Tuesday, April 14, 2015

Growing Up

"It has been my observation that parents kill more dreams than anybody." - Spike Lee

That quote is somewhat true, but I would change parents with adults/adult hood.

When I was a kid, I wanted to be a cartoonist for Disney or comic book artist for Marvel more than anything. I was pretty good at drawing. I took a ton of college audit classes when I was 12-14. I was well on my way.

And then computers came into the world, Pixar took off. Cartoonists were being laid off everywhere and getting jobs designing graphics for companies. Marvel was just about bankrupt.

Even as a young child, I knew my prospects were slim. I was good, but not great at drawing and it seemed the industry was moving toward using cheap Asian labor or eliminating artists all together.

Then as a teenager, I started playing guitar. I soon learned that being left handed put me at a huge disadvantage, I was already behind peers of mine, and I couldn't keep rhythm while playing guitar. My fingers seemed to be much more clumsy that others.

My brief flirtation with the rockstar life style died when I went to college and realized that just about everyone had a guitar. Not only was I not unique for knowing how to play, but I wasn't even in the top 30 percent of song writers.

And now I'm brewing and cooking. I'd love to do it professionally. It's when I'm most happy.

But the realization is hitting me, unless I open my own place, no one is going to bring in a guy that hasn't worked in the industry in almost 10 years at this point.

My knee won't allow me to stand for 10-15 hours at a time. My back isn't going to allow me to sling 50 lb bags of grain across it. It's a young person's game.

It sucks. It really does. I never wanted to become a 9-5'er. Come home, watch TV, repeat.

But I'm coming to terms that likely writing is my defining factor. And I've been doing it more and more.
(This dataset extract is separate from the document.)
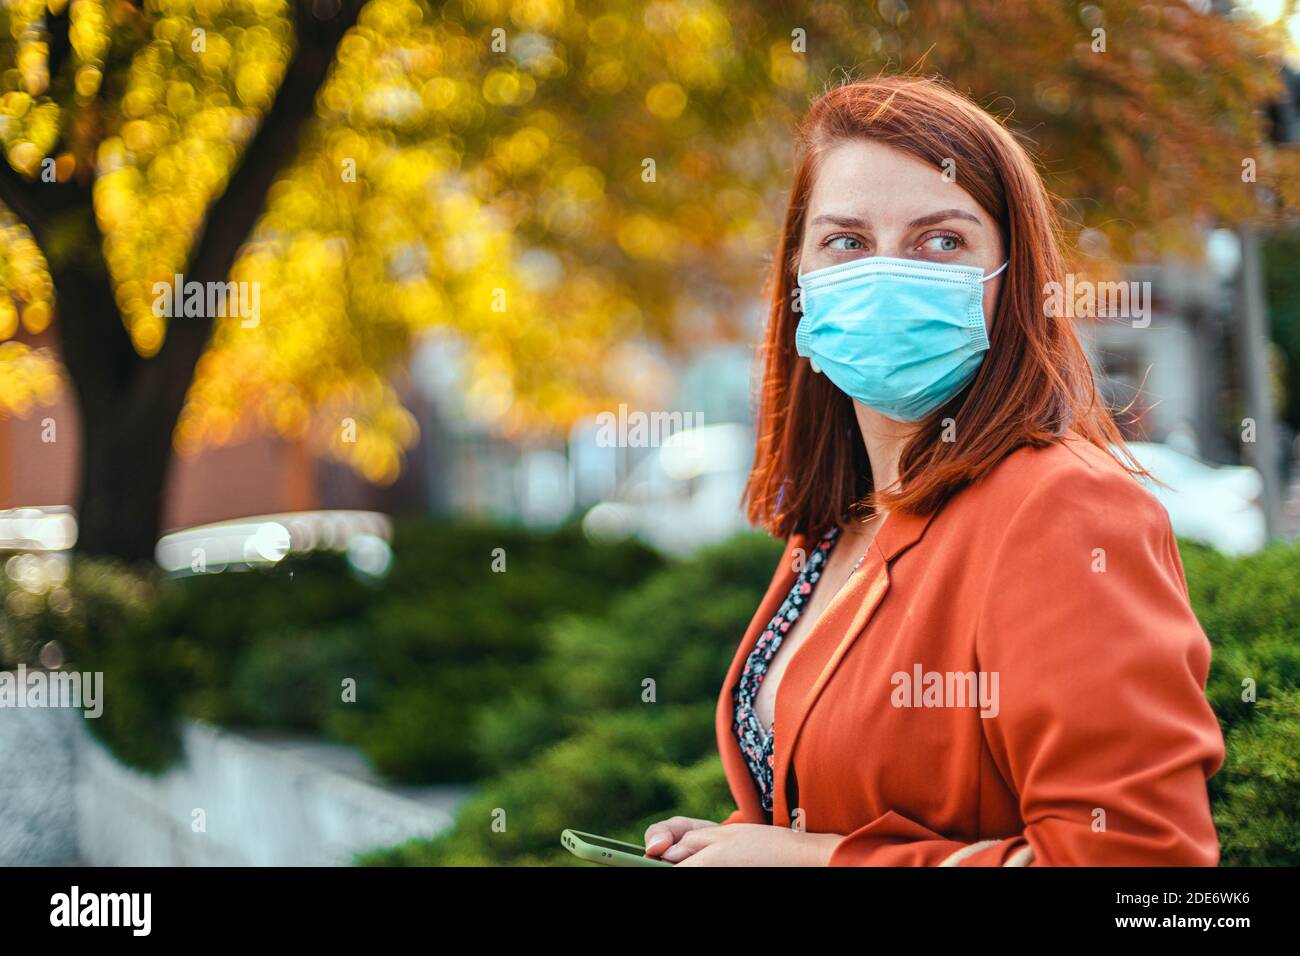 Coronavirus, covid 19 Konzept. Junges Mädchen in medizinischer Maske und Anzug hält ein Smartphone in den Händen und schaut zur Seite auf der Straße Stockfoto
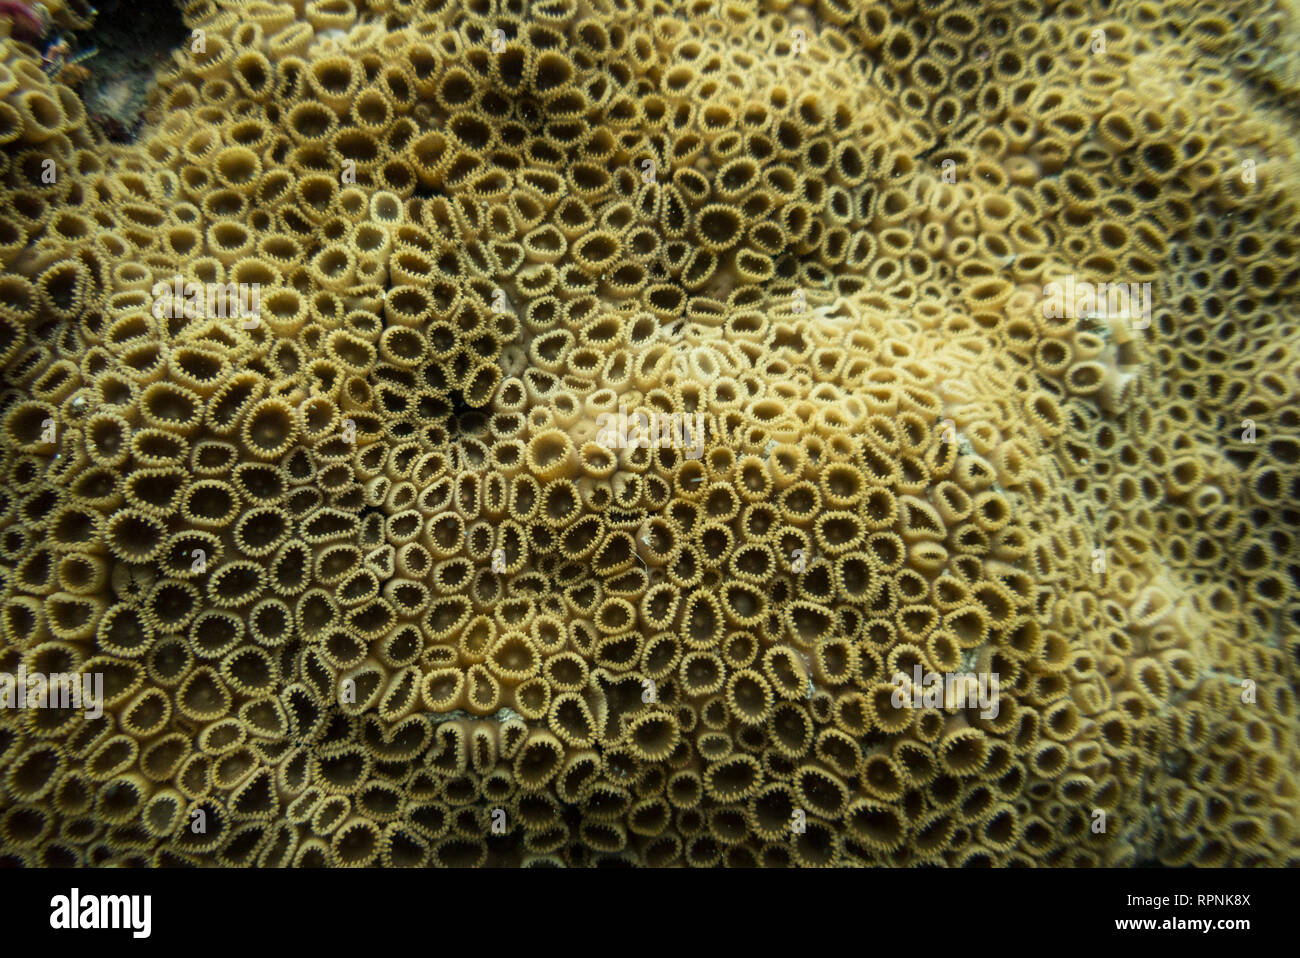 Palythoa caribaeorum coral from SE Brazil, Ilhabela. Stock Photo

It's not the worst thing in the world. I like my job a lot. I just don't have a passion for it. But, having this job allows me to pursue my passions. I can buy brewing ingredients because I have a paycheck. I can go and get a full duck because I wanted to learn how to cook it.

I had always hoped that I would be able to make money doing what I want to. And maybe that is still in the future. But, I'm at a place where I'm comfortable knowing that it might not happen.

And don't take this as a declaration of giving up. It's definitely not that. It's more of my readjusting some of my expectations.

Wednesday, April 1, 2015

Childhood Adventures and the Cell Phone

Last week, Sal and I watched the coming of age classic, "Stand By Me." These are some of my favorite sort of films. Teens going on an adventure and by the end of the movie, they have had a major change in their life.

I started looking for some good coming of age stories like Goonies or Now and Then. I couldn't find much that was made in the past decade. Why is that?

Cell phones. It's got to be cell phones or technology in general. It's also the reason why it's hard to make horror movies work anymore.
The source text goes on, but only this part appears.